Ah Summer! The temperature is up, the ‘real’ story flow is way down (too much holidaying going on) and the Apple iPhone season is in full swing, with leaks from every corner of the globe. Some probably accurate(ish), many certainly not.  

So the new iPhone will (almost certainly) be: the iPhone 6, to launch mid September. Most important it will this year (honest) come in two sizes (gasp): a slightly larger 4.7 inch place-holder and a genuine ‘Phablet’ weighing in with a 5.5 inch screen (a full half inch larger than the original Phablet, the Dell Streak, which was mercilessly panned for being too large about four years ago).  

The question is not ‘will’ Apple launch these two beasts this year, but  ‘why’ has it taken Apple so long to go down the phablet route? I don’t fully buy the ‘they always wait for the technology to be absolutely ready and fantastic before they adopt it’ line. That elaborates into the idea that they didn’t have the necessary technology set to make a larger phone slim enough; that the screen technology had to be right and sundry other factors too boring to mention. 

Of course these judgements could all be factors in the final ‘no’ decision, but I think the real, underlying reason is simply that to produce another form factor is to admit that the standard iPhone format isn’t the god phone, that it isn’t the Aristotelian essence of the smartphone. After all if, in the smartphone user’s mind, there’s an Apple-certified choice of iphones, maybe it’s also valid to choose different brands as well. 

And I’m sure that Apple’s research would show that many users have - literally - bought in to the same notion, being wedded to the idea that the existing-sized iPhone (give or take a quarter inch or so) is perfect and they wouldn’t want to see it change (that’s why they spent all that money buying one or paying one down). 

Jobs was especially focused on the fact that you could interact with the iphone single-handed, so instead of making the screen bigger, Apple concentrated on making it clearer and introduced Siri. 

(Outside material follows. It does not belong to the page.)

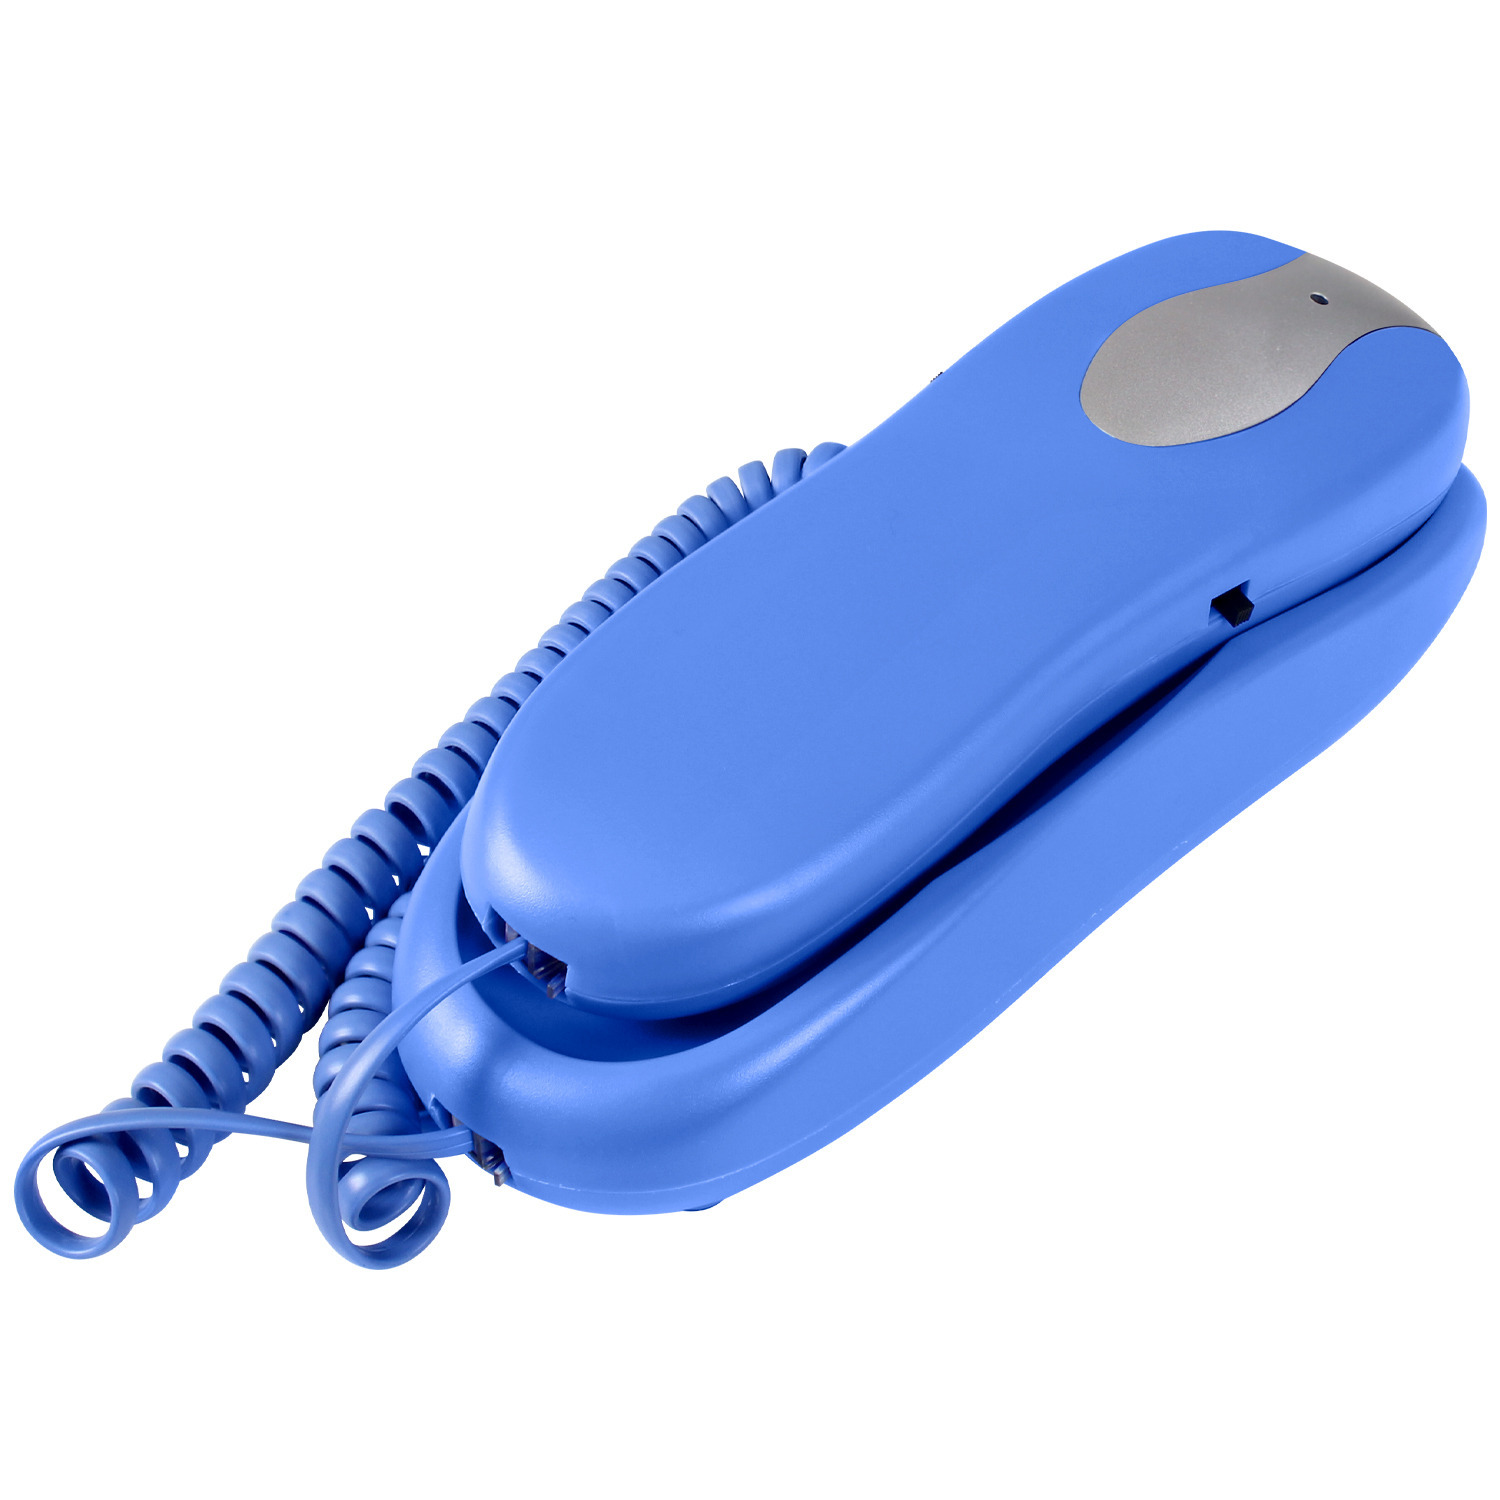 Slimline Blue Colored Phone For Wall Or Desk With Memory

Remember too that Jobs had a similar line on the iPad and was more than reluctant to introduce smaller-sized versions, presumably for similar reasons: he had already birthed the perfect tablet, he might have said to someone somewhere, why would he make another one?  

There are other reasons deep in the Apple DNA. Go even further back and Apple, without Jobs from 1985 to 1996, suffered from multiple model-itis which, it was thought, confused the market and diluted the brand. And before that, Jobs himself in the very early days was not above over-launching with very different products (who now remembers the Apple III? Just me then?).

So?

So, despite all the evidence, I wouldn’t be surprised if Apple surprised us again and DIDN’T come out with a Phablet. All the logic, the market share statistics, the increasing importance of mobile video, the success of Samsung with the Note and other competitors with their phablets, has pertained for the last couple of years at least and Apple has stuck tenaciously to the original one-handed format. 

No doubt I’ll be wrong again. 

Apple’s results: One other reason it might stick with the status quo - the iPhone is going gang-busters. Apple has today reported 12 per cent profit growth and strong sales of the current iPhone. The iPad has not done as well.  Apple sold 35.2 million iPhones in the recent quarter, just a tad below analysts’ estimates. But it did particularly well in the BRIC countries (Brazil, Russia, India, and China) where sales rose by a cracking 55 per cent. That’s all added up to $7.75 billion in profits, up from $6.9 billion a year, while revenue rose 6 per cent to $37.4 billion.